Democrats have largely held their fire, noting the bill stopped short of abolishing the long-distance lines, as rail advocates had feared.
Rep. Peter A. DeFazio, D-Ore., who serves on the rail subcommittee, said the bill was “better than I would have expected.”
“There’s no cutbacks in the long-distance support or authorization in the bill,” he said. Still, he added, “From a Westerner’s perspective there’s too much emphasis on the Northeast Corridor.”
Rep. Corrine Brown of Florida, the ranking Democrat on the subcommittee, also supports the bill, allowing the committee to tout the measure as a bipartisan achievement.
Amtrak said in a statement it wanted to work with Congress “to enact a bill that addresses critical infrastructure investment needs, improves safety and security, enhances customer service and provides for greater financial efficiencies.”
‘Debate Has to Happen’
Still, it’s clear the reauthorization proposal sets the stage for what may be drastic changes in the way the country’s passenger rail system looks. While this week’s bill may be a relatively modest move, it nevertheless brings renewed attention to the system’s difficult financial position, one that Congress is not about to remedy anytime soon.
“There is a very clear debate that has to happen,” said Adie Tomer, an associate fellow at the Brookings Metropolitan Policy Program. “Do we want a system that has broad national coverage and what economists call geographical equity that gives more people service but will come at continuous financial losses ad infinitum?
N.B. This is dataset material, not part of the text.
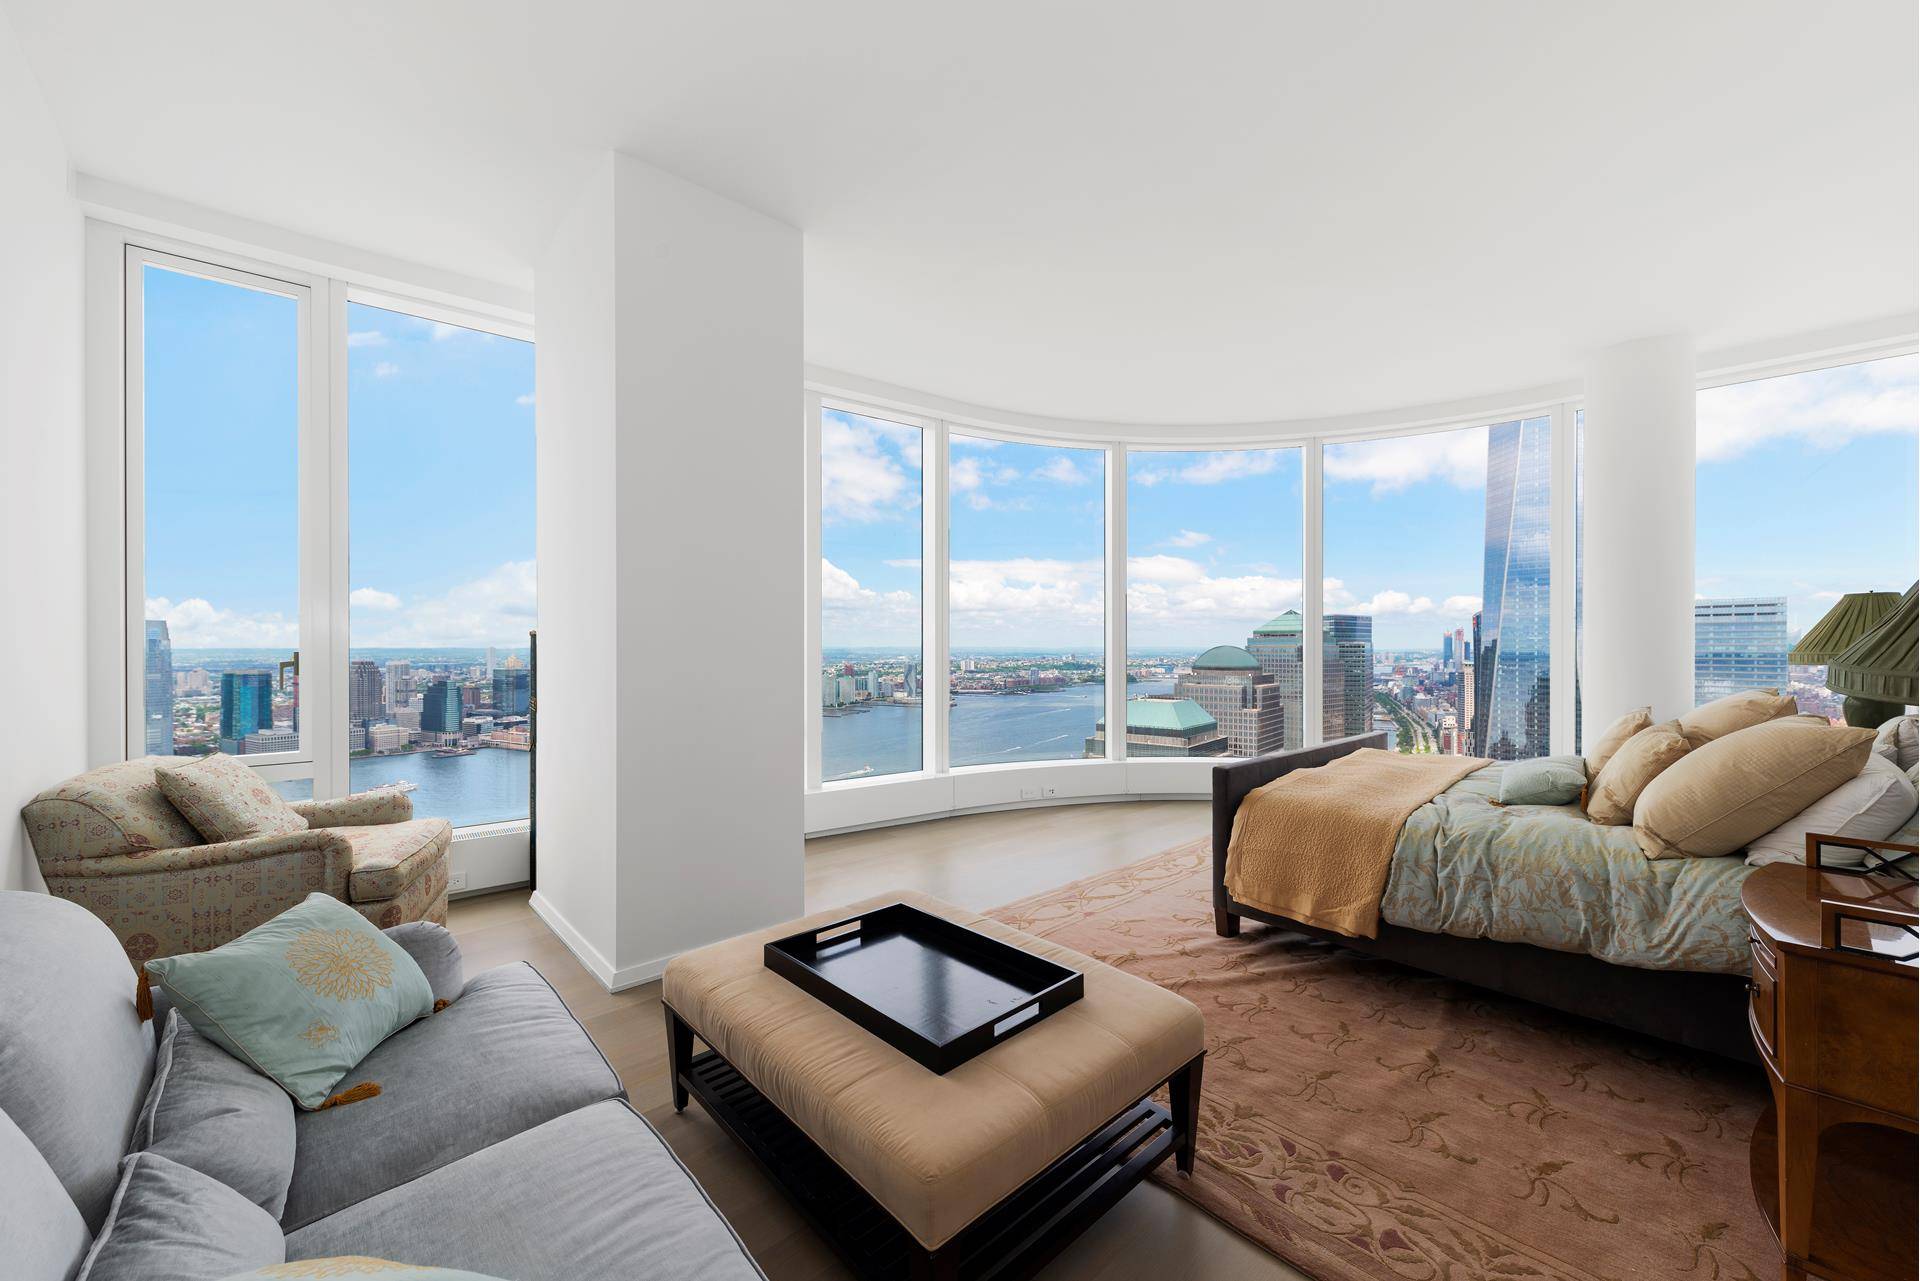 Be the first owner to reside in this spacious four bedroom, four bathroom penthouse.
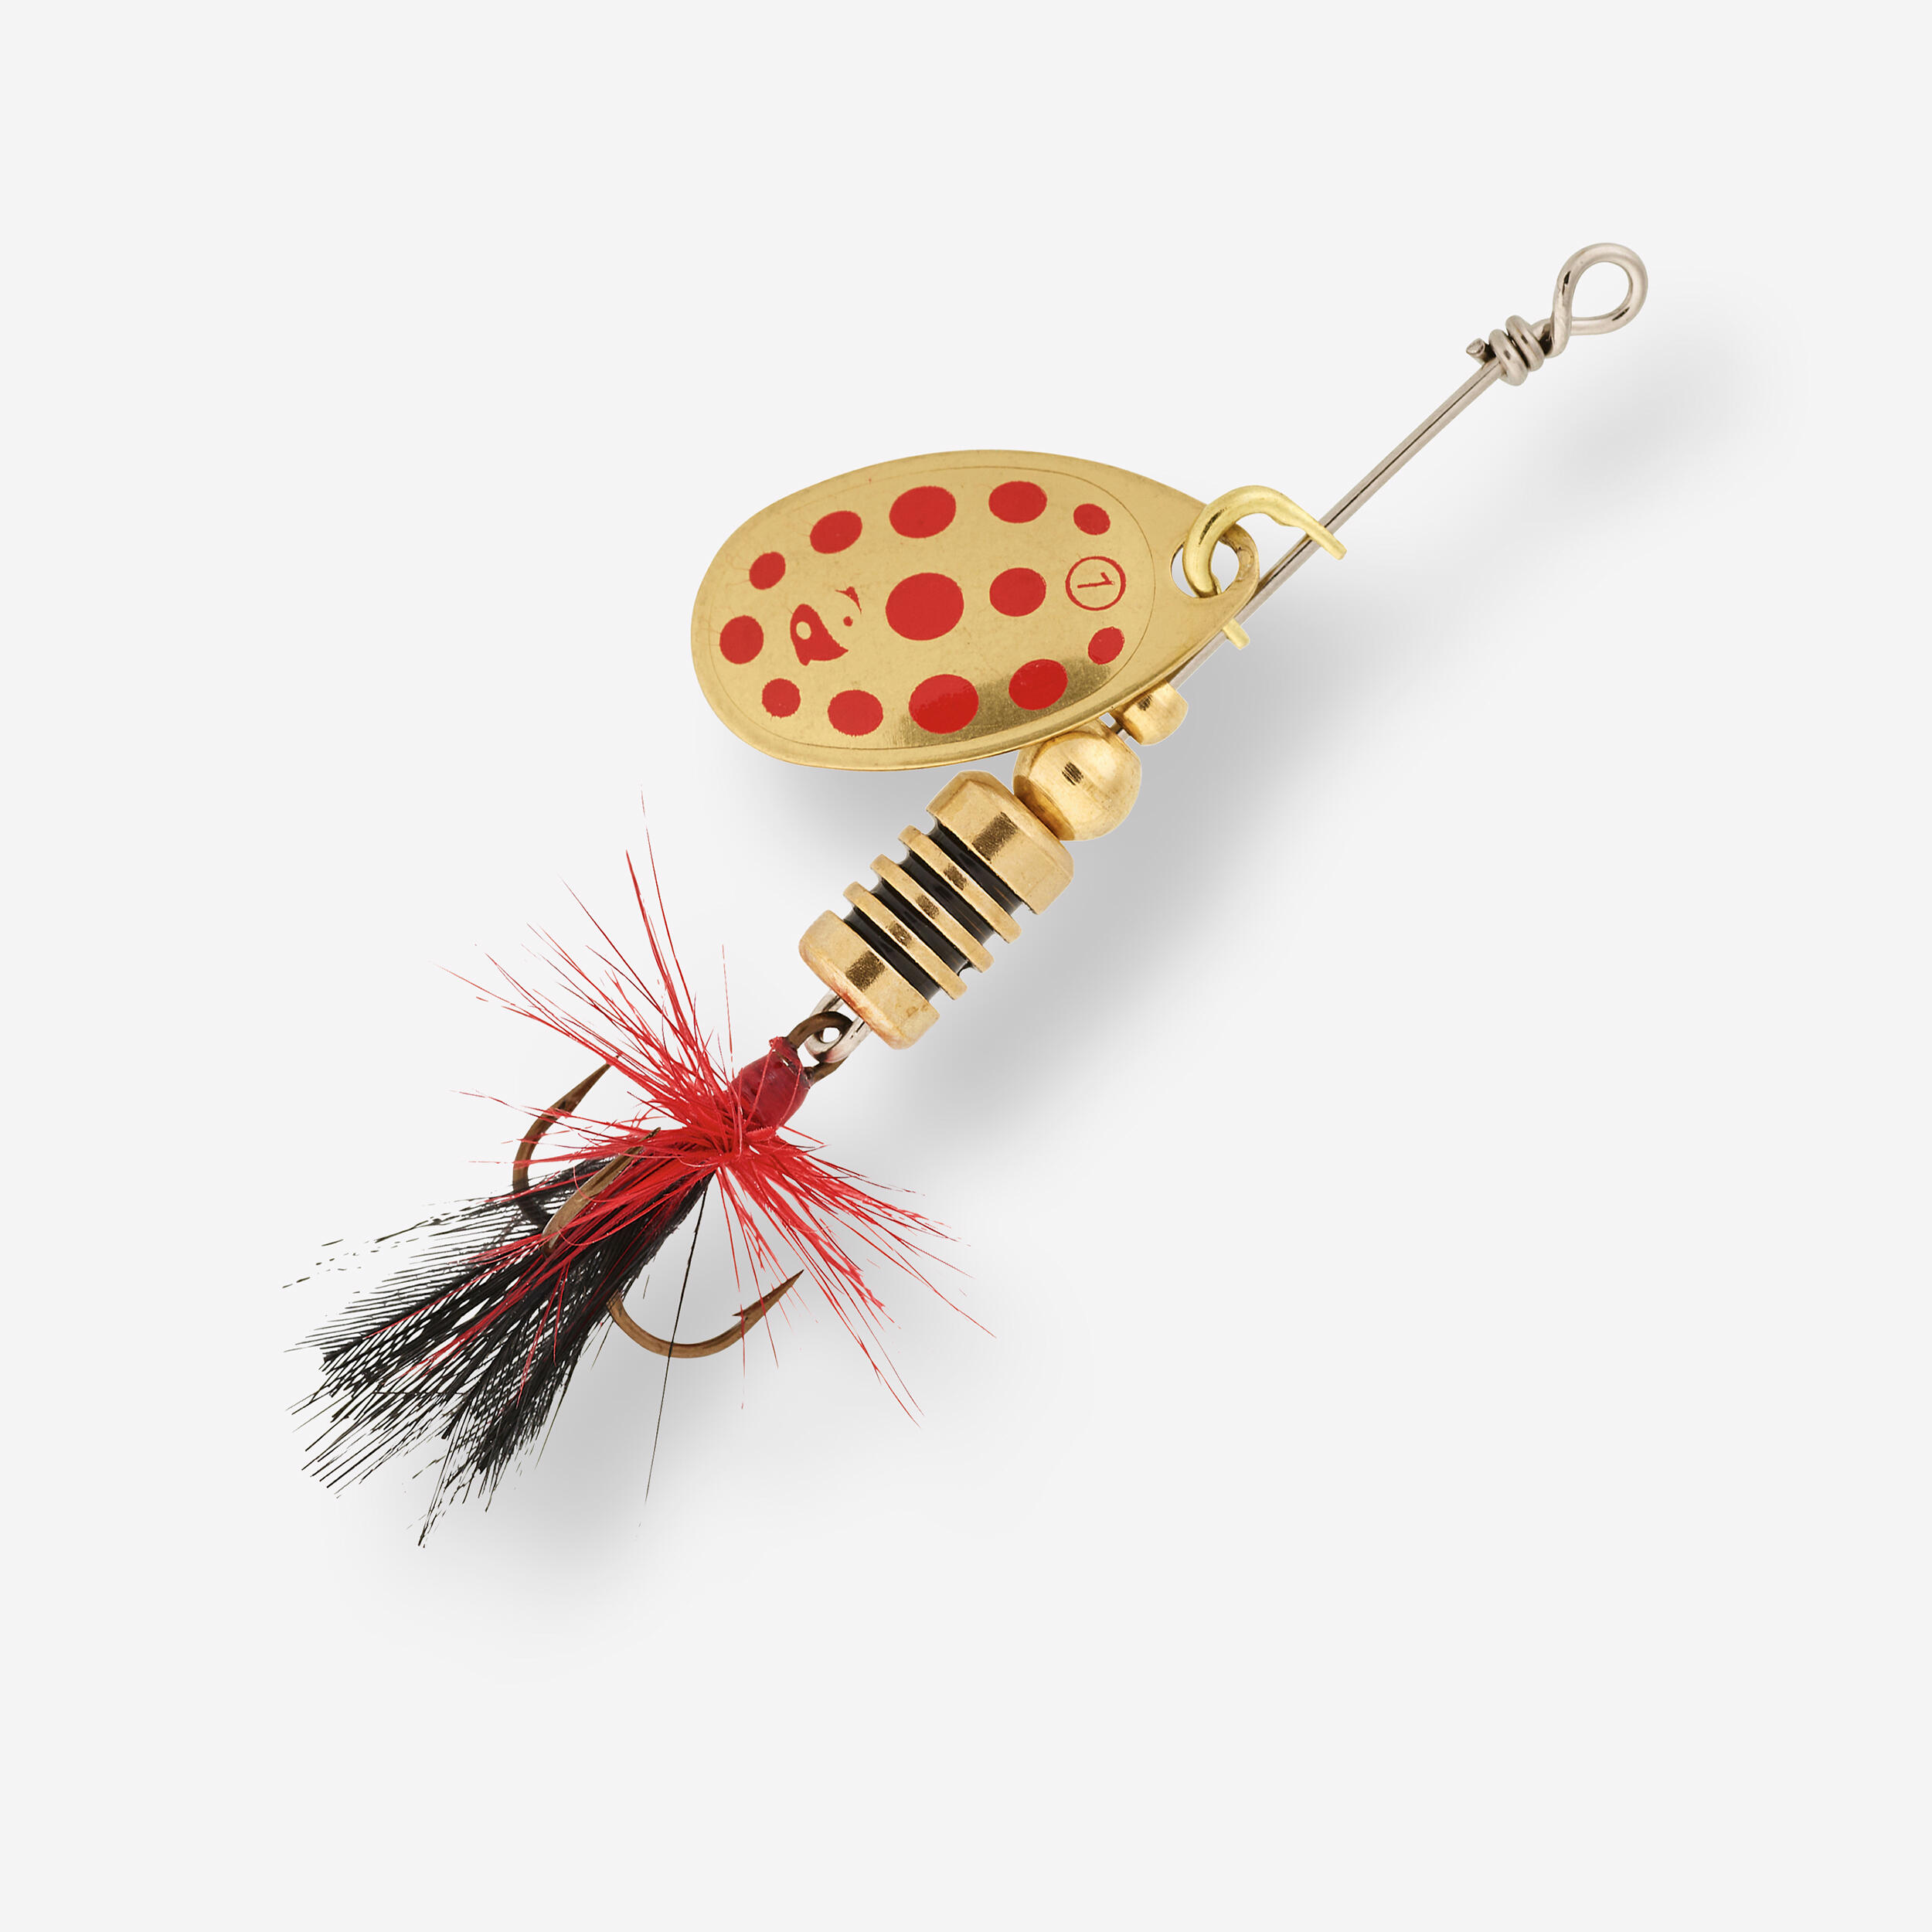 LURE FISHING SPINNING SPOON WETA F #1 - GOLD RED DOTS - Fluo

Or do we want to limit those services, create more operating efficiencies but lose some of the social benefits we get from running those geographically equitable routes?”
While the House bill sets that conversation in motion, it sidesteps the most difficult question about the fate of long-distance lines.
“It’s a legislative version of kicking the can down the road,” said Sean Jeans-Gail, vice president of the National Association of Railroad Passengers. “What they do is they say we’re going to cut Amtrak authorization by 40 percent, we’ll be authorizing Amtrak at current levels, and then we’re going to just hope that the private sector comes in on its white horse and saves us from having to do the dirty work of having to identify revenue.”
But finding ways to reduce the losses on the long-distance routes, though it may make financial sense, will be a political challenge.
Amtrak trains serve more than 500 communities in 46 states. In some of them, the train is one of the few connections to the outside world. Pulling back from those places could jeopardize the support of some senators, particularly Republicans from rural areas. That could make it very difficult to enact an overhaul.
For now, no one expects the House bill to head to the president’s desk anytime soon. With barely five weeks left this session, Congress will have more pressing issues to tackle. But the bill serves as a marker for a broader push in the next Congress when Republicans could find themselves controlling both sides of the Capitol. If that’s the case, they will have to figure out how hard they want to push Amtrak toward financial sustainability.
And while rail advocates are generally relieved that the bill does not call for outright service cuts, they’ve also made clear they’re not about to stop pushing for more government investment.
“We’d like to see a little more growth in the program,” said Robert Healy, vice president for government affairs at the American Public Transportation Association. “It’s nice that the Congress is looking at intercity passenger rail and they recognize it can play an important role.”